* Stored data entries *
☆ ☆ ☆

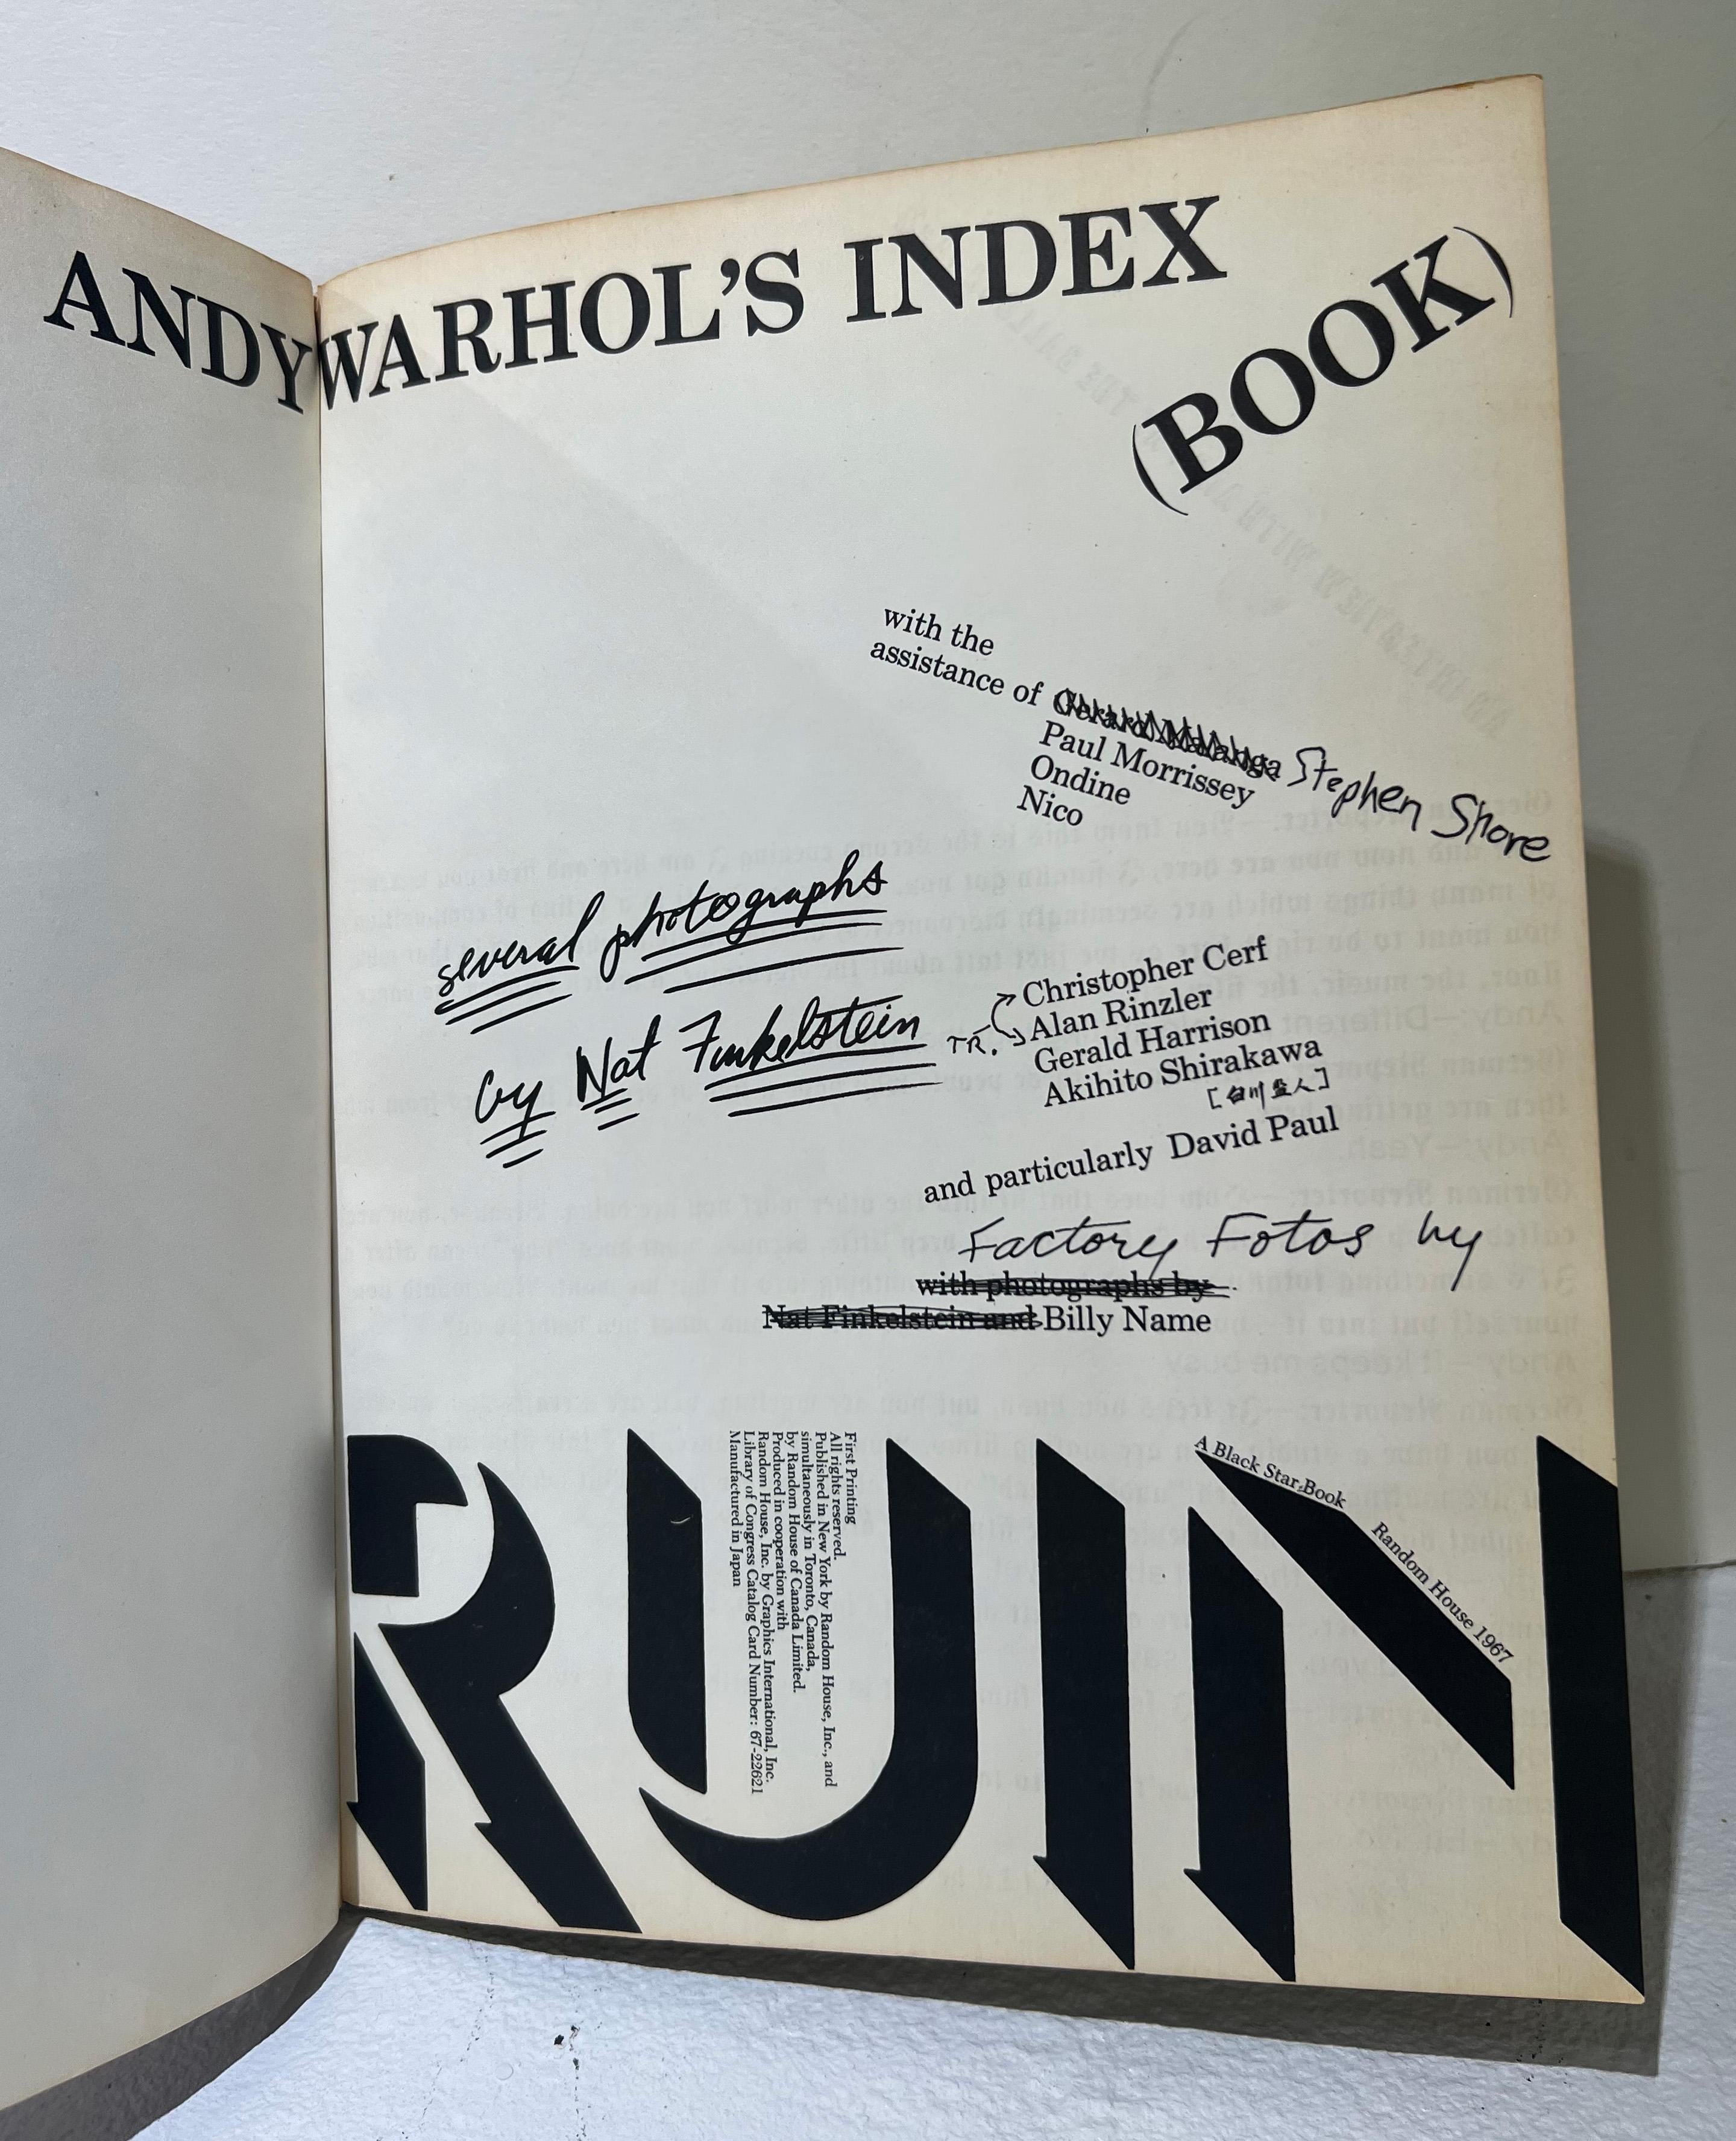 Ein gedrucktes Originalexemplar von Andy Warhols Brillo-Buch.

11,25
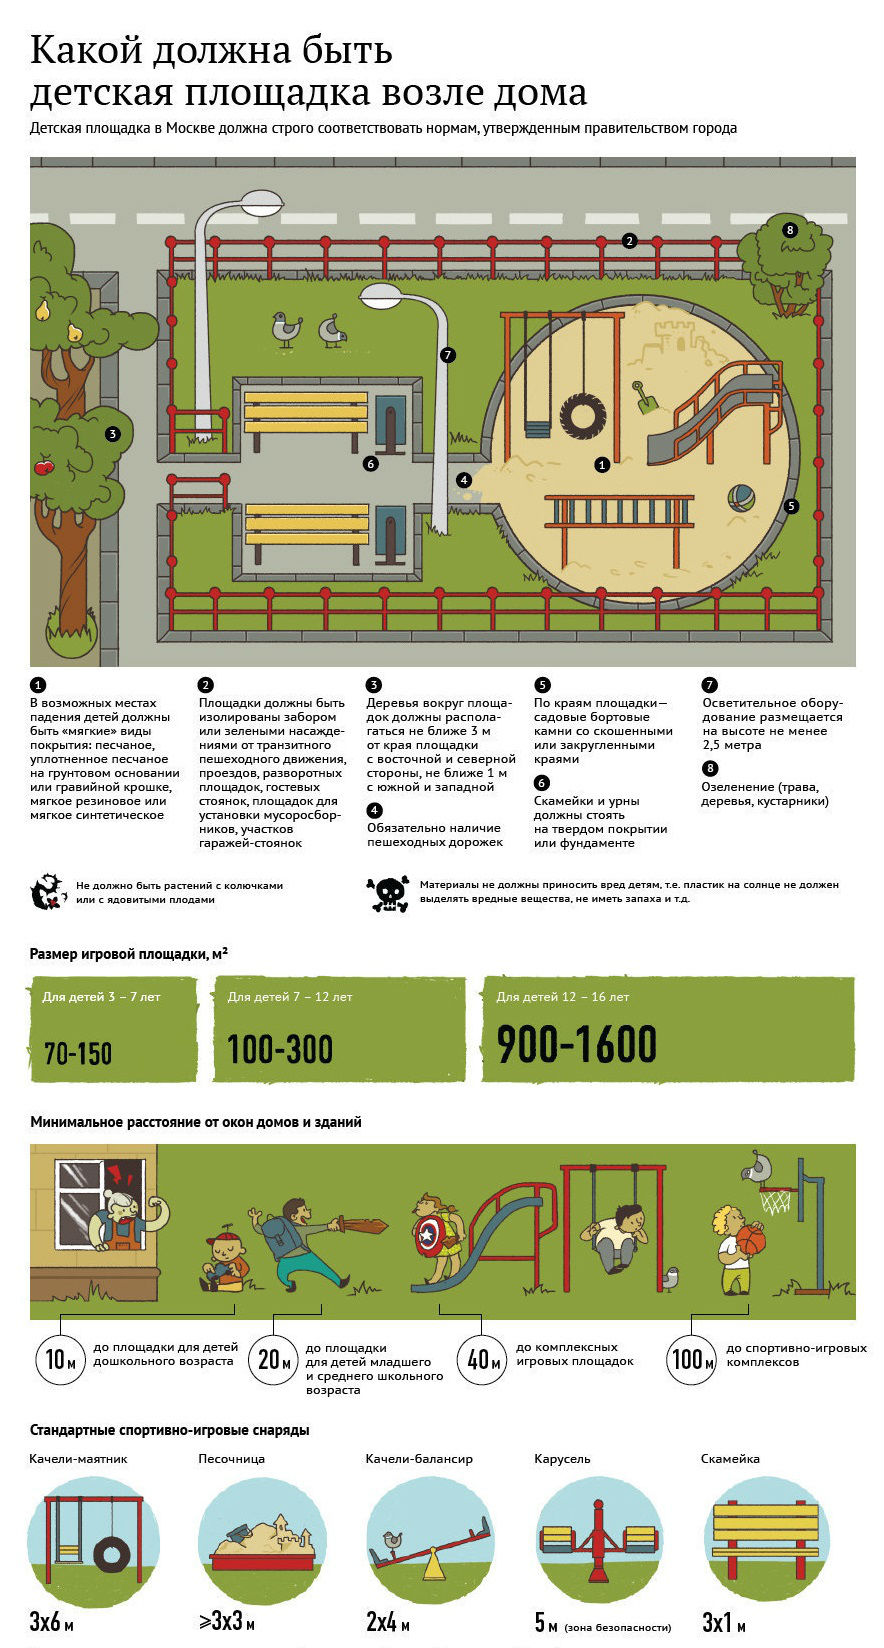 Какой должна быть детская площадка возле дома? Инфографика : RUcountry
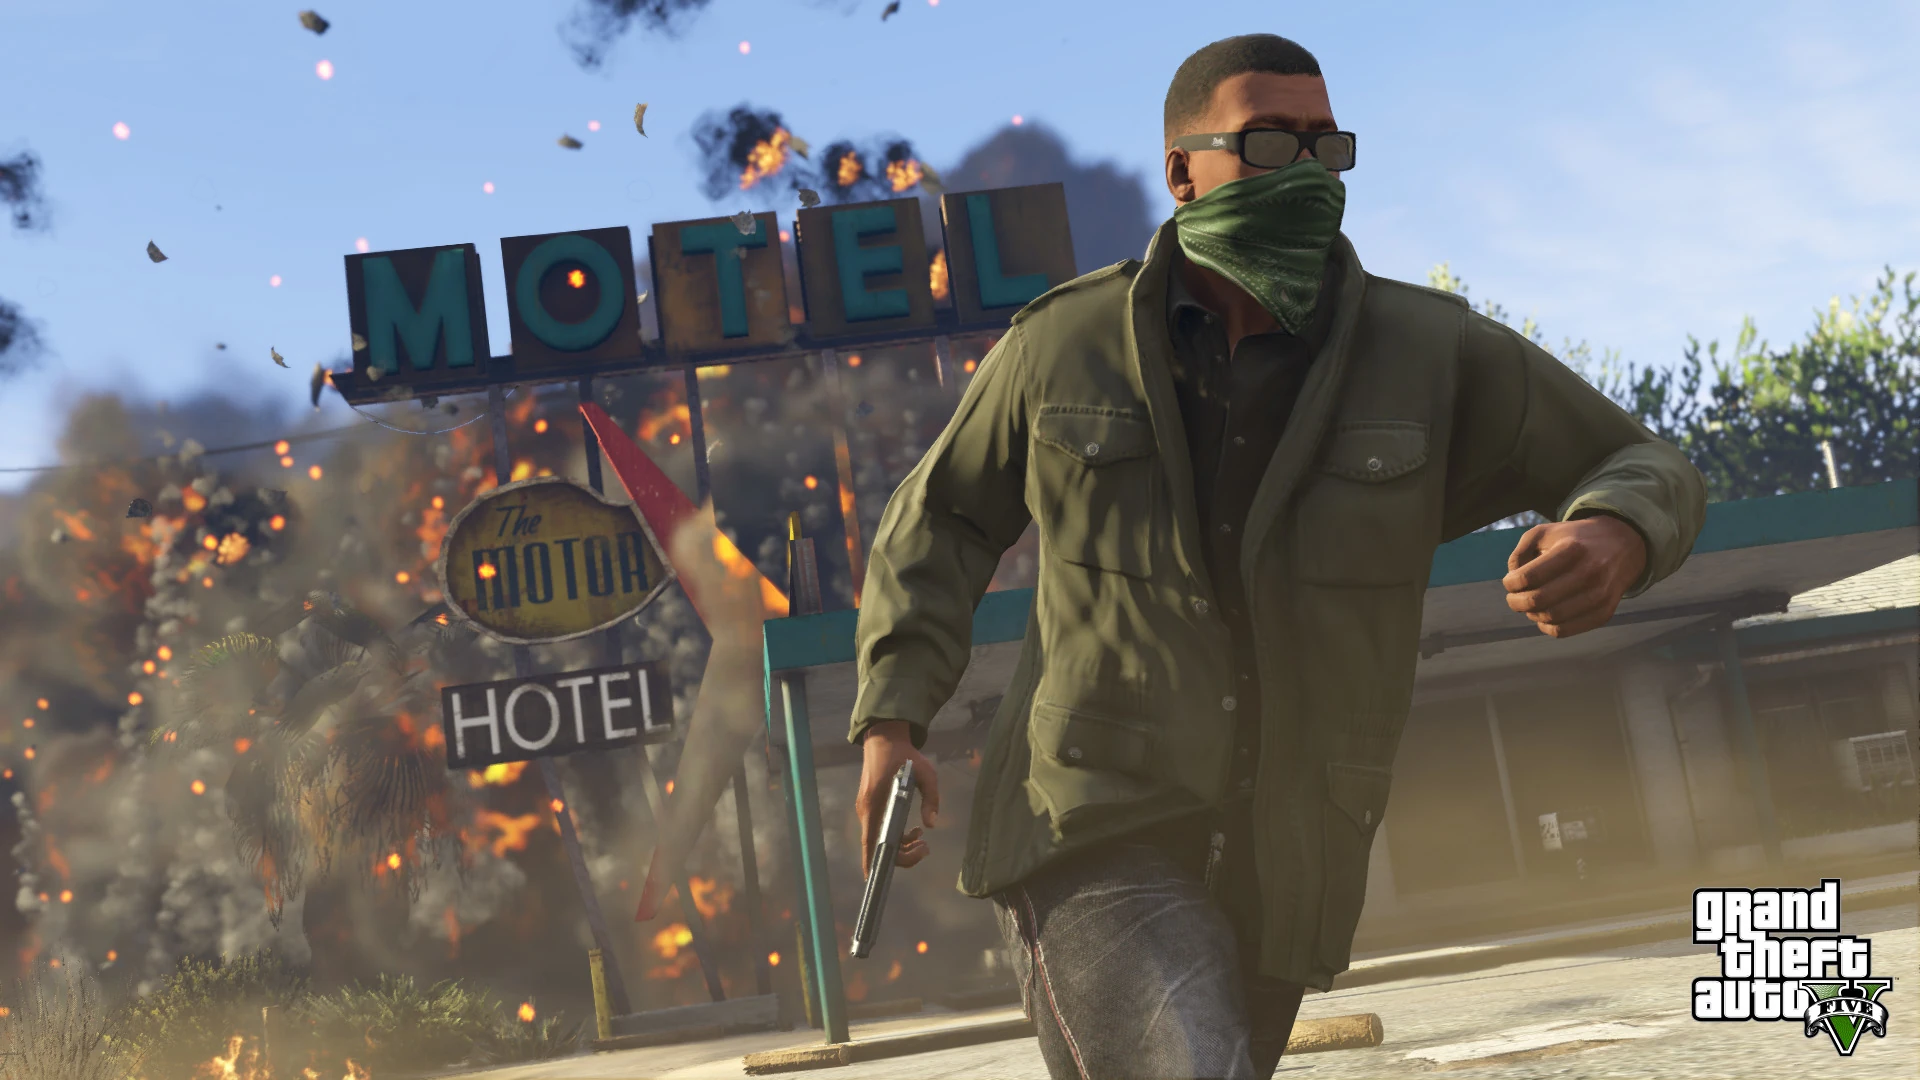 Grand Theft Auto V - PS4 Screenshot 05 - Explosão
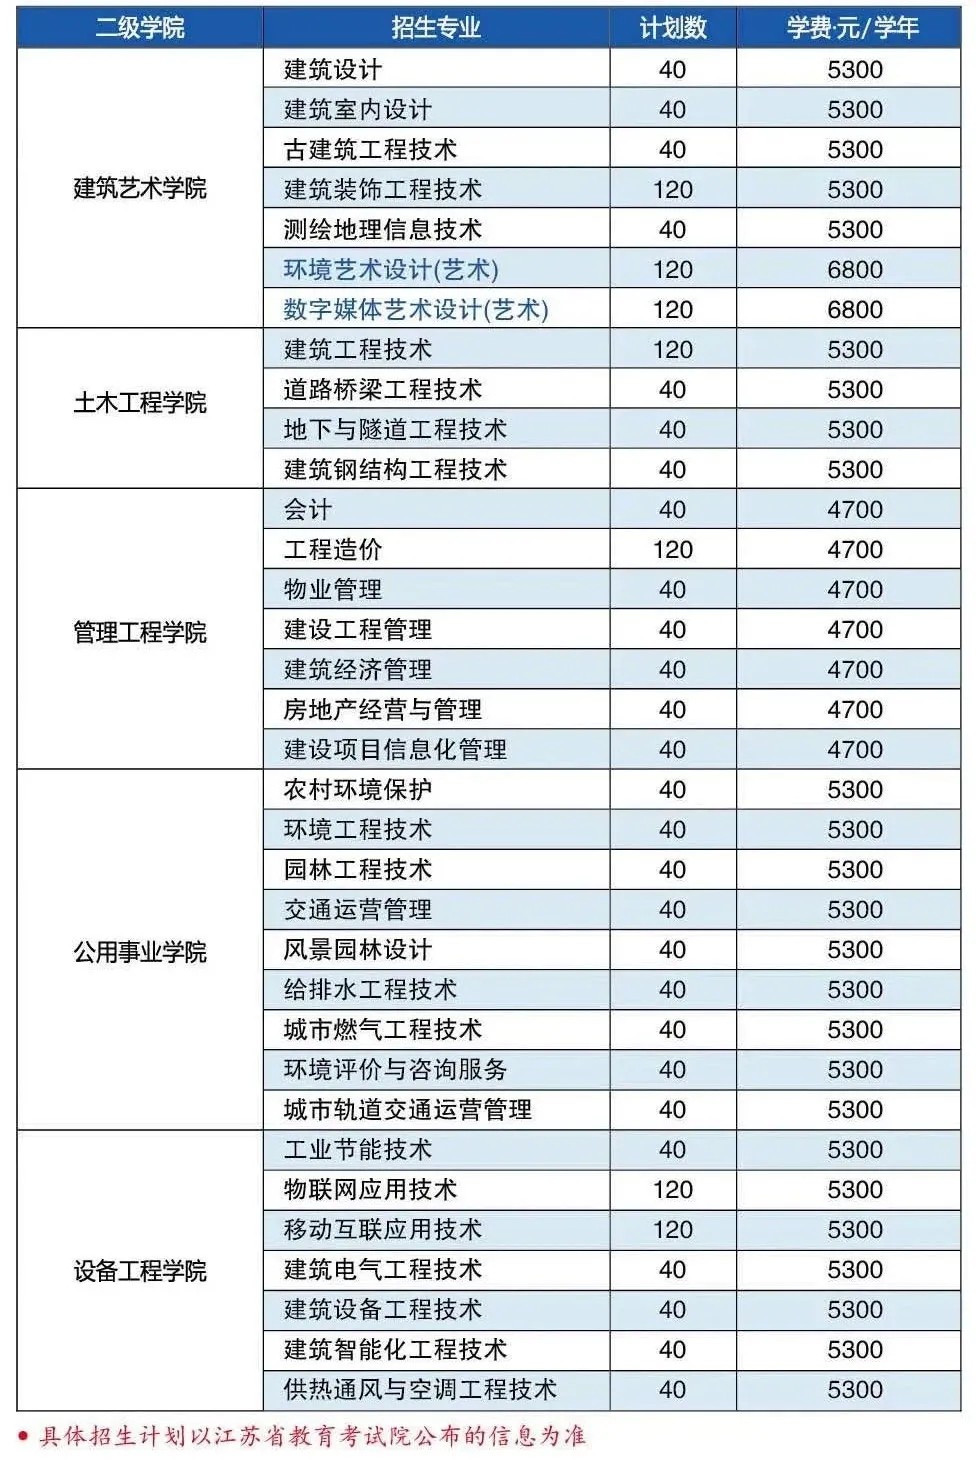 江苏城乡建设职业学院2021年提前招生专业及计划

☆ ☆ ☆

* What you have to do *
With the pictures left out, give again exactly the lines from the one that contains "Grand Theft Auto" through the final line of the data above.

* Written response *
 Grand Theft Auto V - PS4 Screenshot 05 - Explosão
 江苏城乡建设职业学院2021年提前招生专业及计划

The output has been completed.